Unfortunately, scarcely an hour after the ceasefire was supposed to go into effect, the Assad regime dropped barrel bombs on one rebel-held neighbourhood.
North Korea’s Nuclear Test
North Korea’s nuclear test last Friday, which sparked international shockwaves, was estimated at 10 kilotons, almost twice as much as the one Pyongyang conducted only eight months ago. It also boasted that the test was of a nuclear warhead that could be mounted on an intercontinental missile. South Korea’s foreign minister Yun Byung-Se believed that the North’s nuclear capability was becoming more advanced, at a higher level and at a faster pace. He called for “more and stronger sanctions”, although five sets of UN sanctions have failed to halt the North’s drive for what it insists are ‘defensive’ weapons. South Korea, the United States, Japan, Russia and China have all condemned the nuclear test. However, the next UN Security Council resolution under Article 41 of the UN Charter, which provides for sanctions, will not change the equation at all, in large part because Chinese trade with the North proceeds unhindered.
While the North has vowed not to submit to US “nuclear blackmail”, public opinion in the South has been scathing. People feel that the South has been left unguarded before a ‘nuclear maniac’. Protesters have demanded “strong retaliation”, including pre-emptive attacks on the North’s nuclear complex. The US stations 28,500 troops in the South. These could be armed with tactical nuclear weapons, as they were until the early 1990s.
US Presidential Elections
Democratic candidate Hillary Clinton last week made comments about her rival’s supporters which unnecessarily opened her to attacks from Republicans and other detractors.
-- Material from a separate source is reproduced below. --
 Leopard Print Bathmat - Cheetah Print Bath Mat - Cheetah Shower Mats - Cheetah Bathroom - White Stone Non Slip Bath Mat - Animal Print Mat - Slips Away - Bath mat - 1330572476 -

These were variation of a sentiment she had expressed in other more private settings recently, but this time came at a fund-raising public event in Manhattan.
“You know, to just be grossly generalistic, you could put half of Trump’s supporters into what I call the basket of deplorables. Right?” she said to much applause and laughter. “The racist, sexist, homophobic, xenophobic, Islam phobic – you name it. And unfortunately there are people like that. And he has lifted them up.” In Trump’s rallies, his supporters have without doubt also been grossly nasty and insulting to Clinton.
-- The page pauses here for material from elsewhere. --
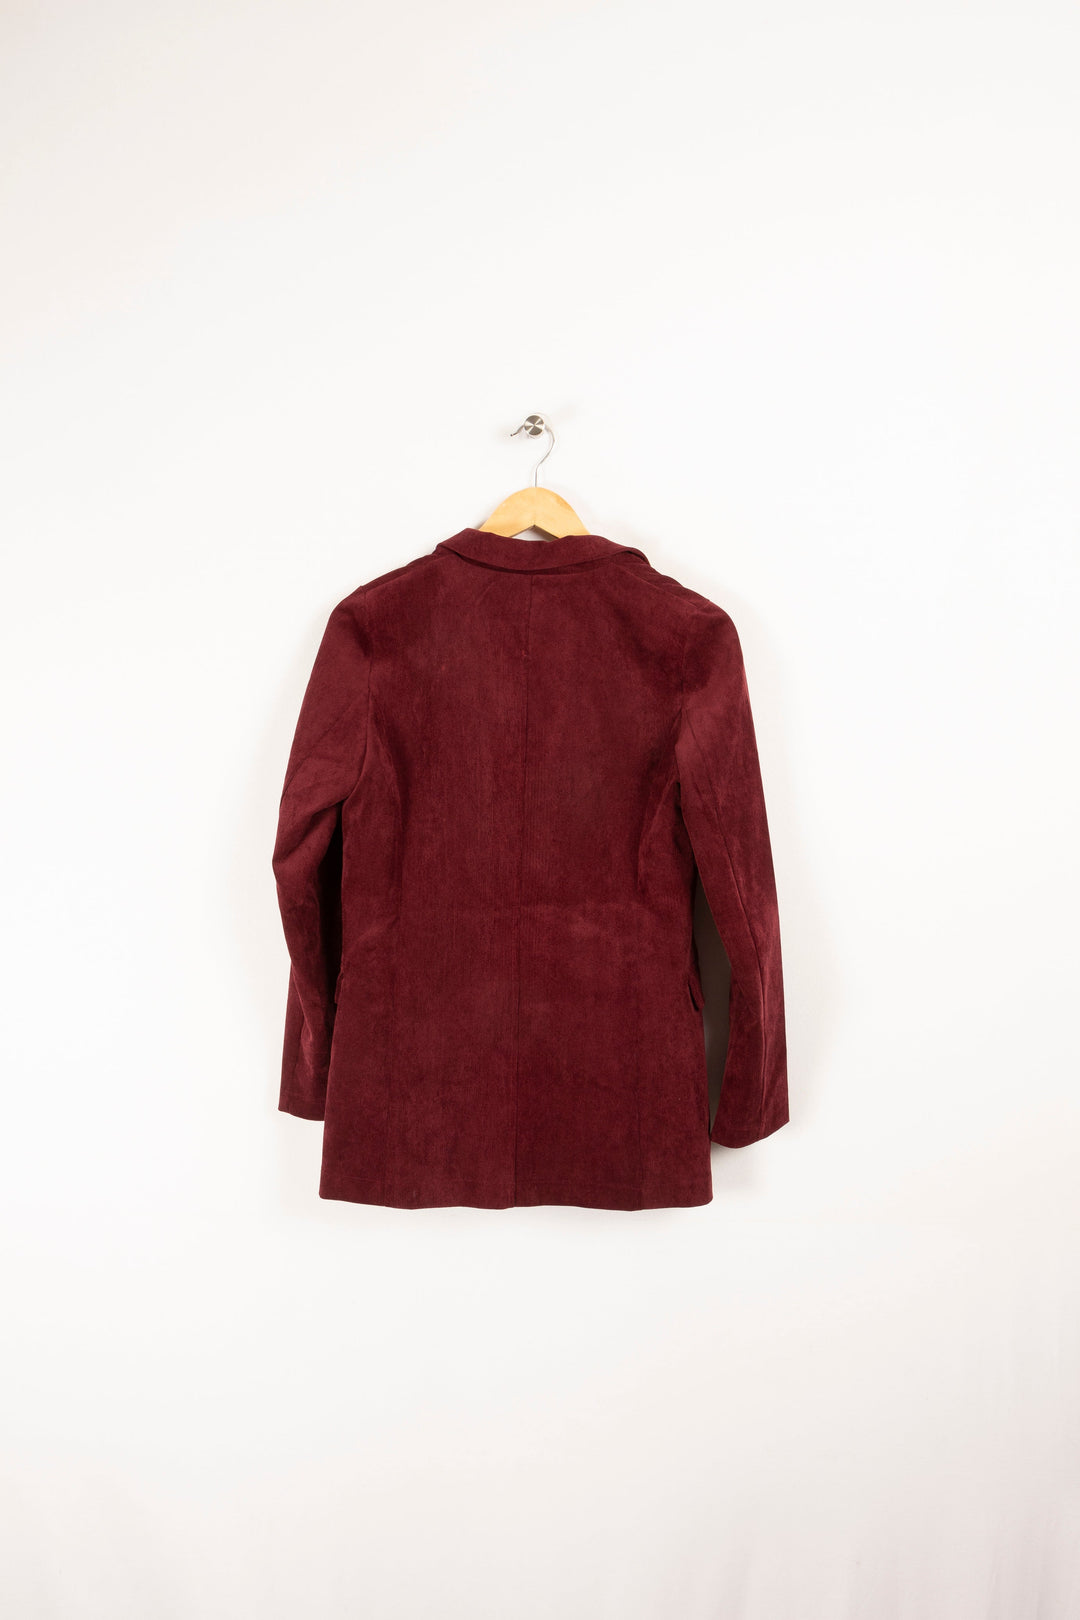 Burgundy jacket - Size M/38

As a saving grace, Clinton did go on to sympathetically weave another rhetorical basket of Trump voters: “People who feel that the government has let them down, the economy has let them down, nobody cares about them, nobody worries about what happens to their lives and their futures. And they’re just desperate for change.”
On the face of it, Clinton’s comments, which she later regretted, may sound deplorable, but according to experts, have irked Trump supporters (who in any case would not vote for her), but rather would galvanize her own backers.
Clinton cancelled a California campaign fundraising trip after she fell ill at a 9/11 memorial ceremony on Sunday in New York, and her doctor revealed she was diagnosed with pneumonia. The incident is likely to increase pressure on both candidates to now release detailed medical records, which both have so far declined to date.